## STORED DATA:
╭──

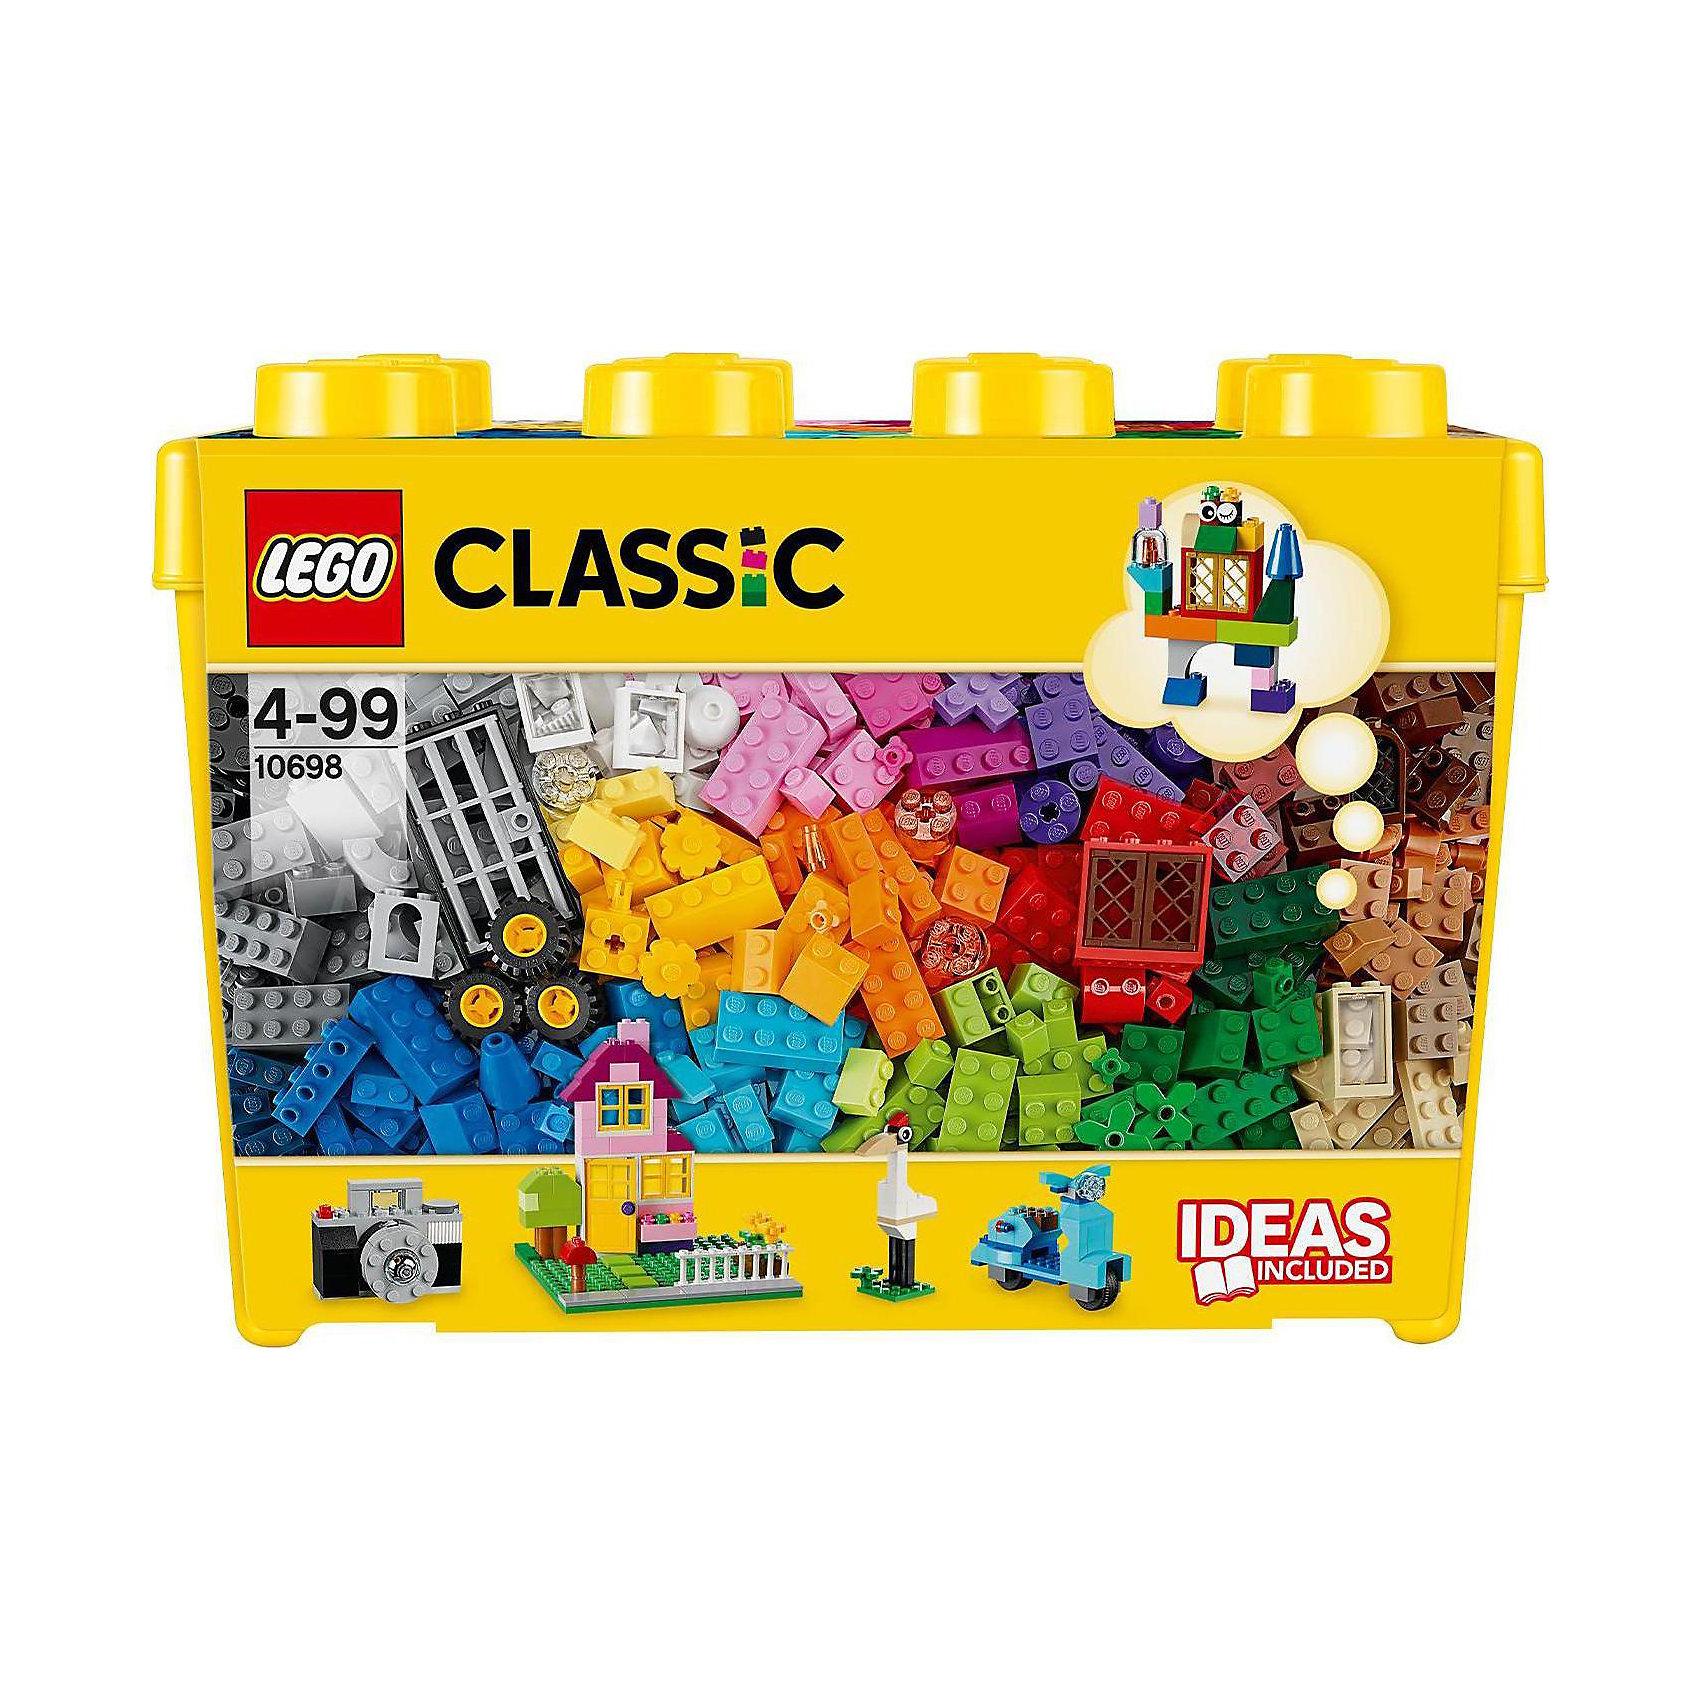 LEGO 10698: Набор для творчества большого размераПластмассовые конструкторы<br>Все: от фотоаппарата, до целого дома или квартала, не говоря уже о маленьких зверушках -  можно собрать с этим чудесным набором! Кубики ярких цветов и причудливые элементы позволят собрать все, что придет вам в голову! Не знаете с чего начать? Воспользуйтесь инструкцией с идеями и рекомендациями дизайнеров. Этот набор идеально дополнит либо уже имеющийся набор LEGO.<br><br>Наборы для творчества LEGO (ЛЕГО)  идеальны для начинающих строителей всех возрастов. Они также дополнят любую имеющуюся коллекцию LEGO. Набор упакован в удобную пластиковую коробку. <br><br>Дополнительная информация:<br><br>- Конструкторы ЛЕГО развивают усидчивость, внимание, фантазию и мелкую моторику. <br>- Комплектация: колеса, пропеллеры, стандартные кубики, кубики с рисунками, двери, окна, колеса.<br>- 2 демонстрационные пластины: 16х16 см; 12х6 см. <br>- Количество деталей: 790 шт.<br>- Серия ЛЕГО (LEGO) Наборы для творчества.<br>- Материал: пластик.<br>- Размер упаковки: 37х26,5х18 см.<br>- Вес: 1,882 кг.<br><br>LEGO 10698: Набор для творчества большого размера можно купить в нашем магазине.<br><br>Ширина мм: 366<br>Глубина мм: 182<br>Высота мм: 261<br>Вес г: 1571<br>Возраст от месяцев: 48<br>Возраст до месяцев: 144<br>Пол: Унисекс<br>Возраст: Детский<br>SKU: 3996084
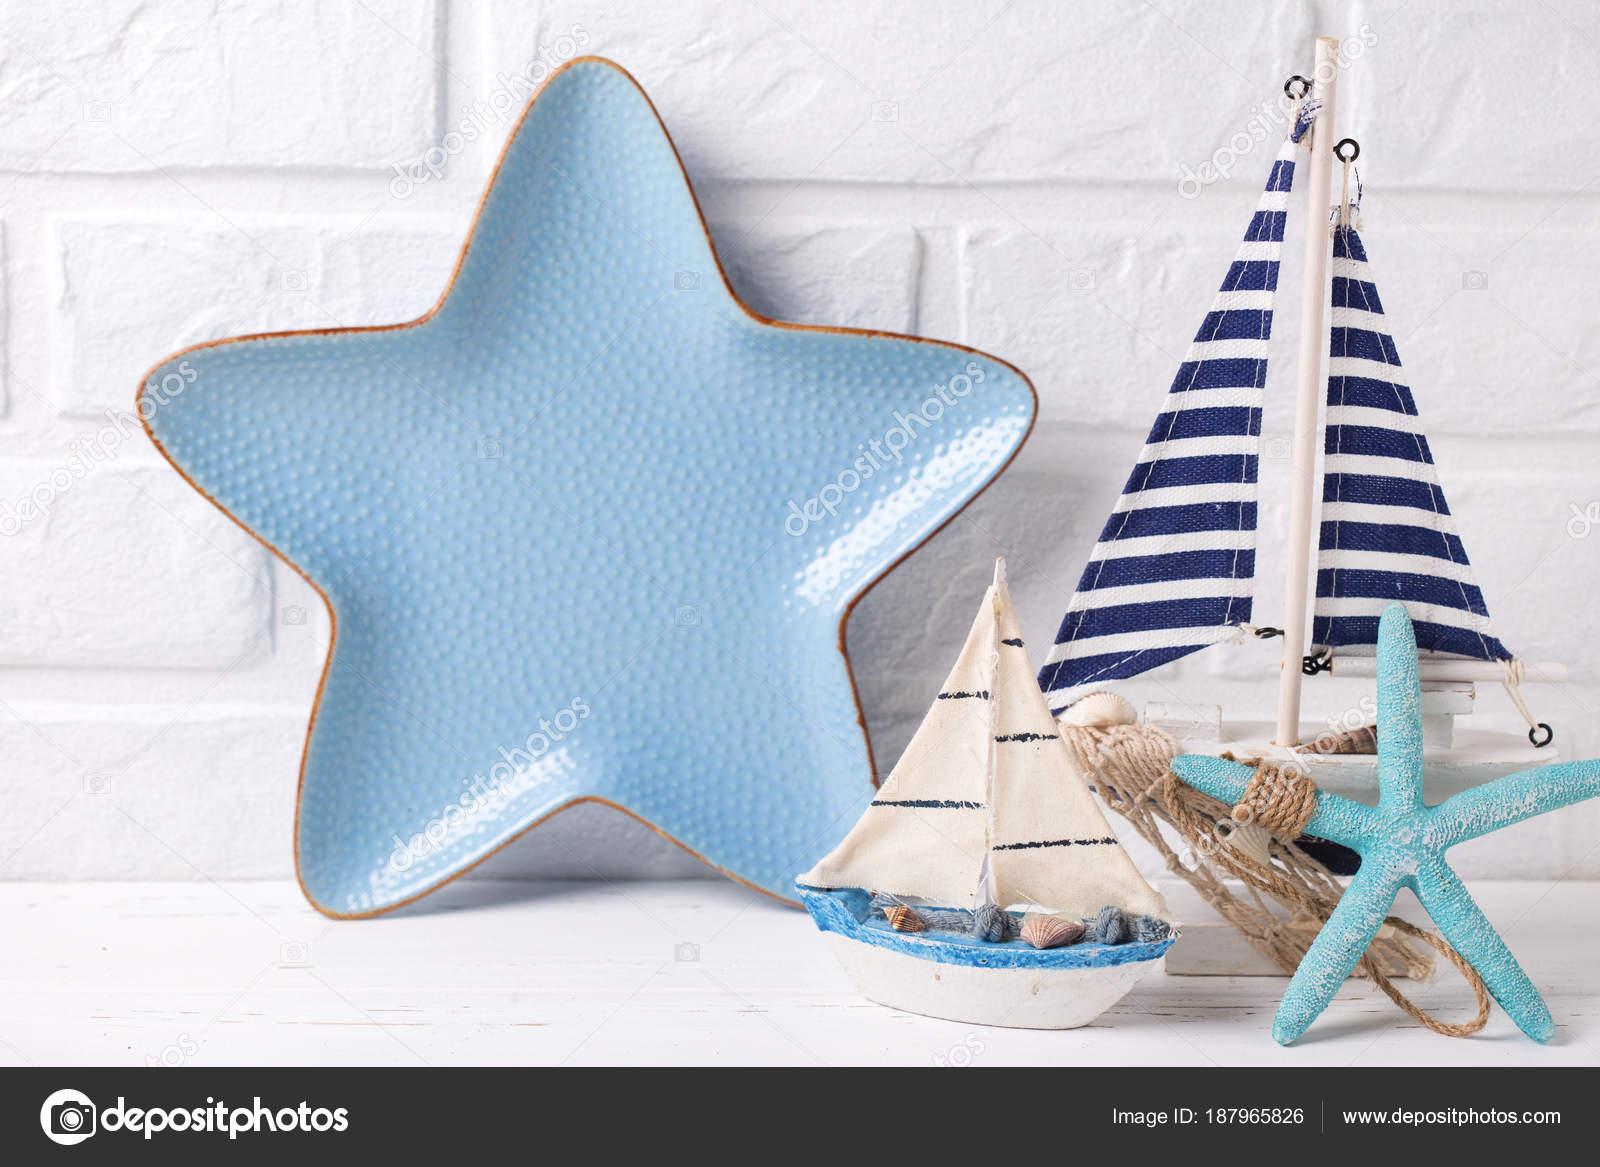 Ozean Lebenden Dekorationen Dekorative Boote Seestern Und Platte ...
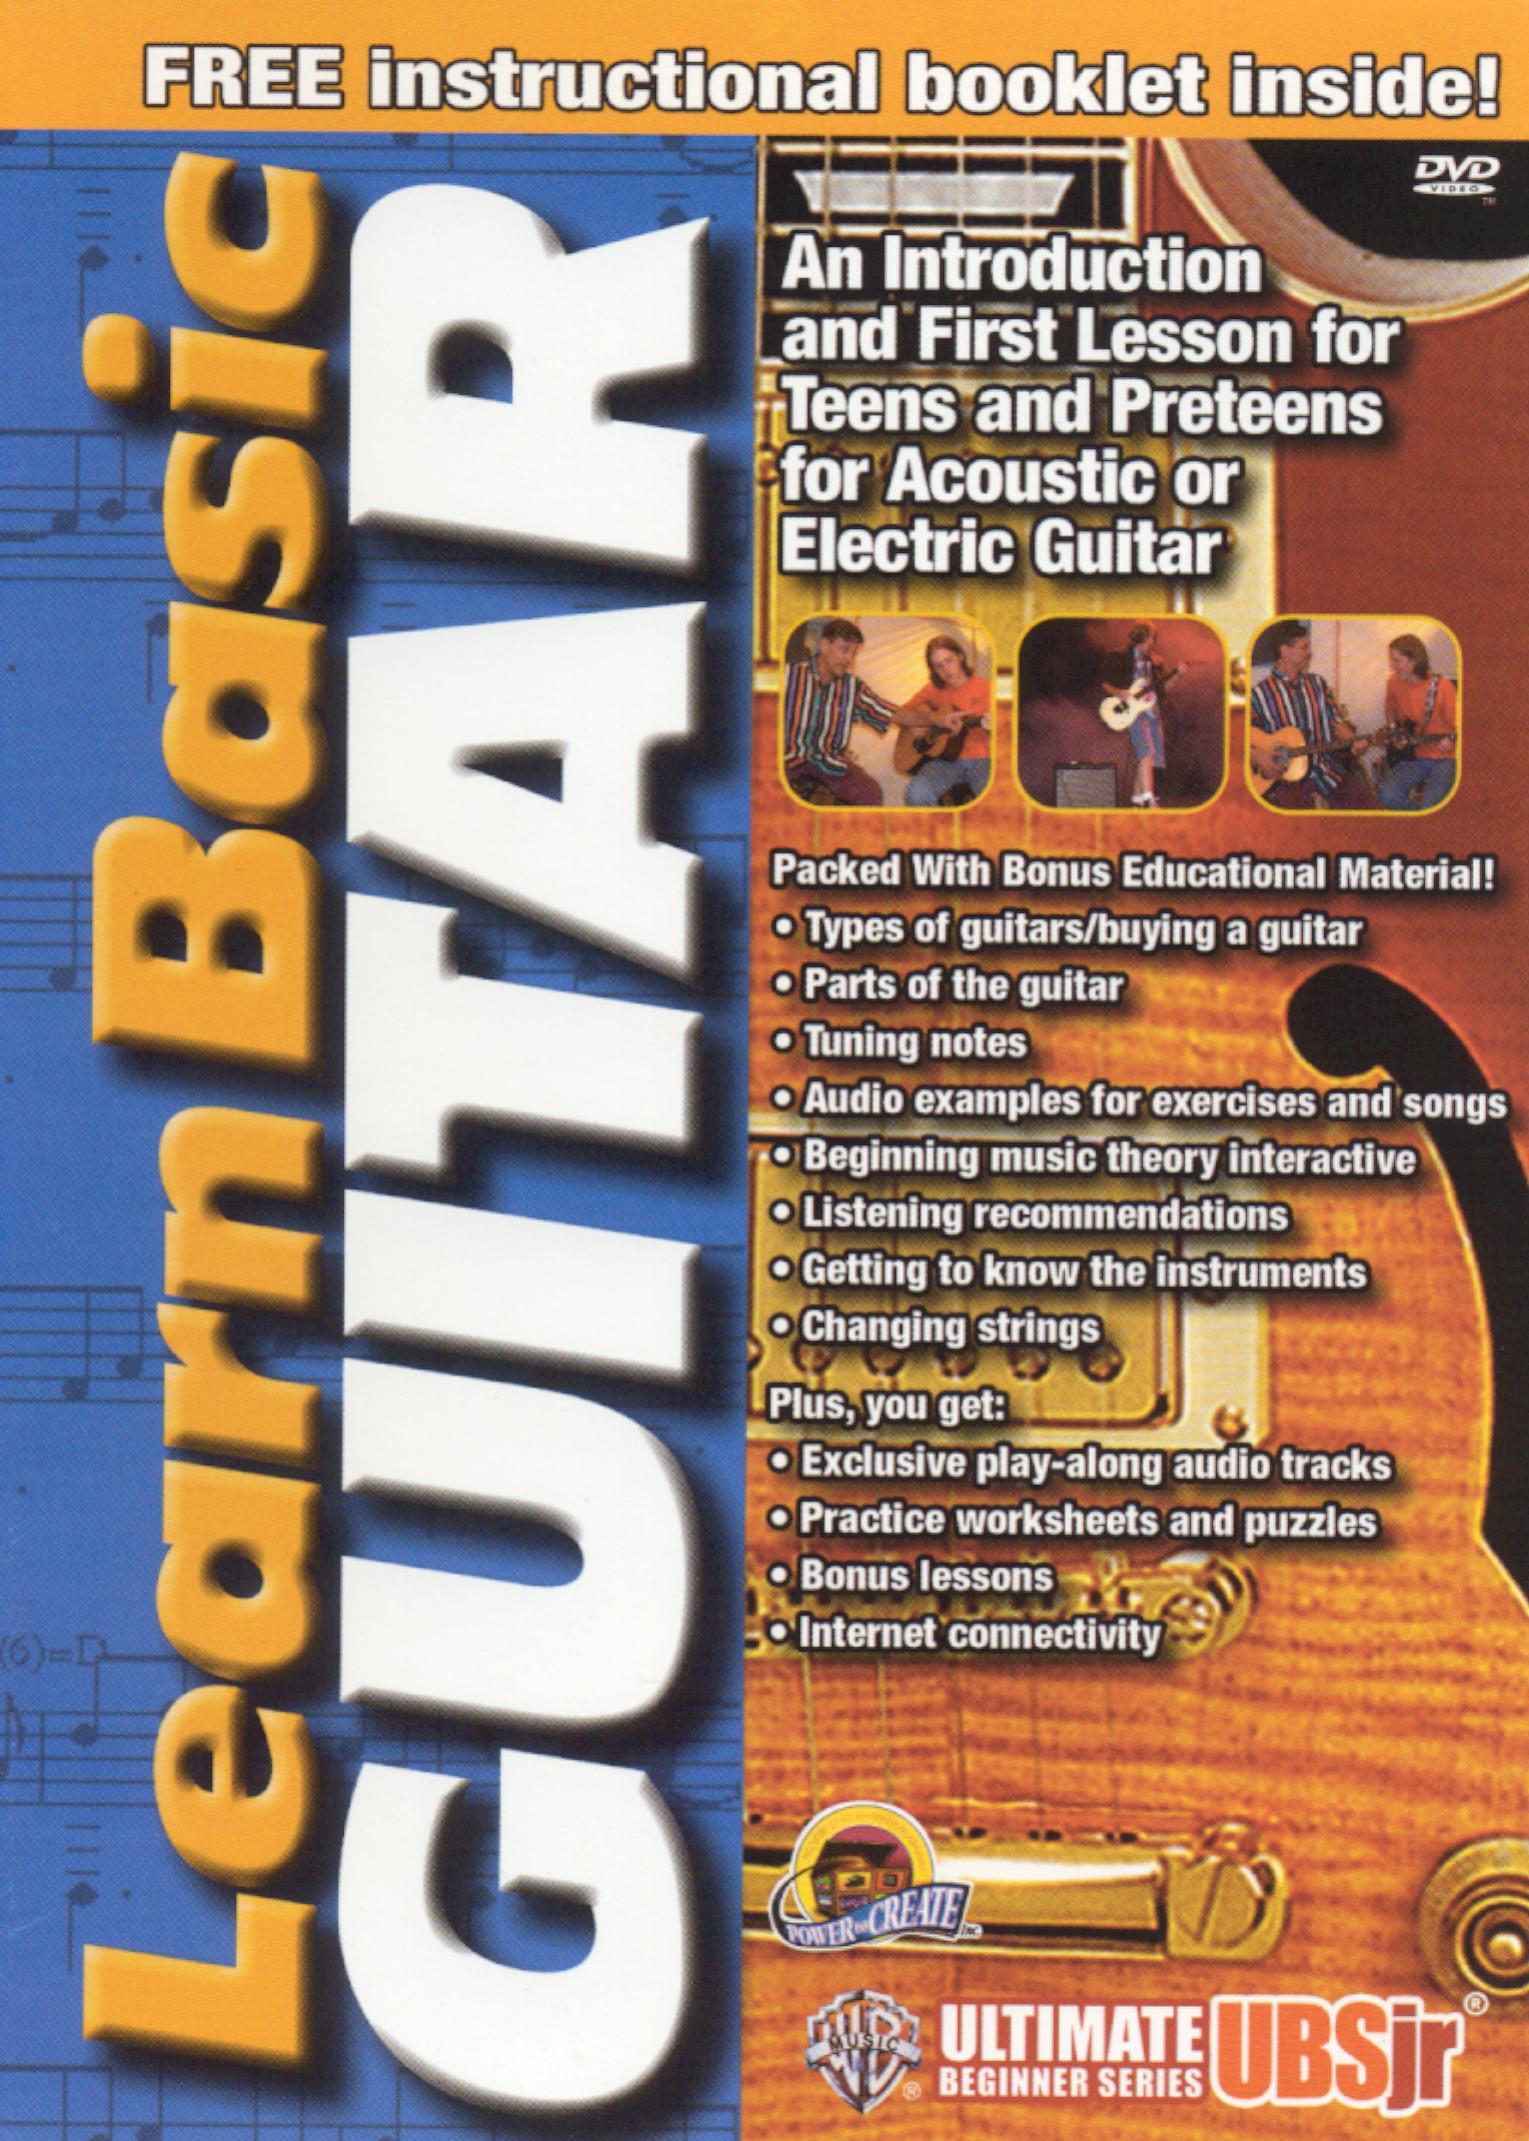 Ultimate Beginner Jr.: Learn Basic Guitar

╰──

## WHAT IS REQUIRED:
Repeat the data above exactly; images are not part of the copy.

## YOUR RESPONSE:
 LEGO 10698: Набор для творчества большого размераПластмассовые конструкторы<br>Все: от фотоаппарата, до целого дома или квартала, не говоря уже о маленьких зверушках -  можно собрать с этим чудесным набором! Кубики ярких цветов и причудливые элементы позволят собрать все, что придет вам в голову! Не знаете с чего начать? Воспользуйтесь инструкцией с идеями и рекомендациями дизайнеров. Этот набор идеально дополнит либо уже имеющийся набор LEGO.<br><br>Наборы для творчества LEGO (ЛЕГО)  идеальны для начинающих строителей всех возрастов. Они также дополнят любую имеющуюся коллекцию LEGO. Набор упакован в удобную пластиковую коробку. <br><br>Дополнительная информация:<br><br>- Конструкторы ЛЕГО развивают усидчивость, внимание, фантазию и мелкую моторику. <br>- Комплектация: колеса, пропеллеры, стандартные кубики, кубики с рисунками, двери, окна, колеса.<br>- 2 демонстрационные пластины: 16х16 см; 12х6 см. <br>- Количество деталей: 790 шт.<br>- Серия ЛЕГО (LEGO) Наборы для творчества.<br>- Материал: пластик.<br>- Размер упаковки: 37х26,5х18 см.<br>- Вес: 1,882 кг.<br><br>LEGO 10698: Набор для творчества большого размера можно купить в нашем магазине.<br><br>Ширина мм: 366<br>Глубина мм: 182<br>Высота мм: 261<br>Вес г: 1571<br>Возраст от месяцев: 48<br>Возраст до месяцев: 144<br>Пол: Унисекс<br>Возраст: Детский<br>SKU: 3996084
 Ozean Lebenden Dekorationen Dekorative Boote Seestern Und Platte ...
 Ultimate Beginner Jr.: Learn Basic Guitar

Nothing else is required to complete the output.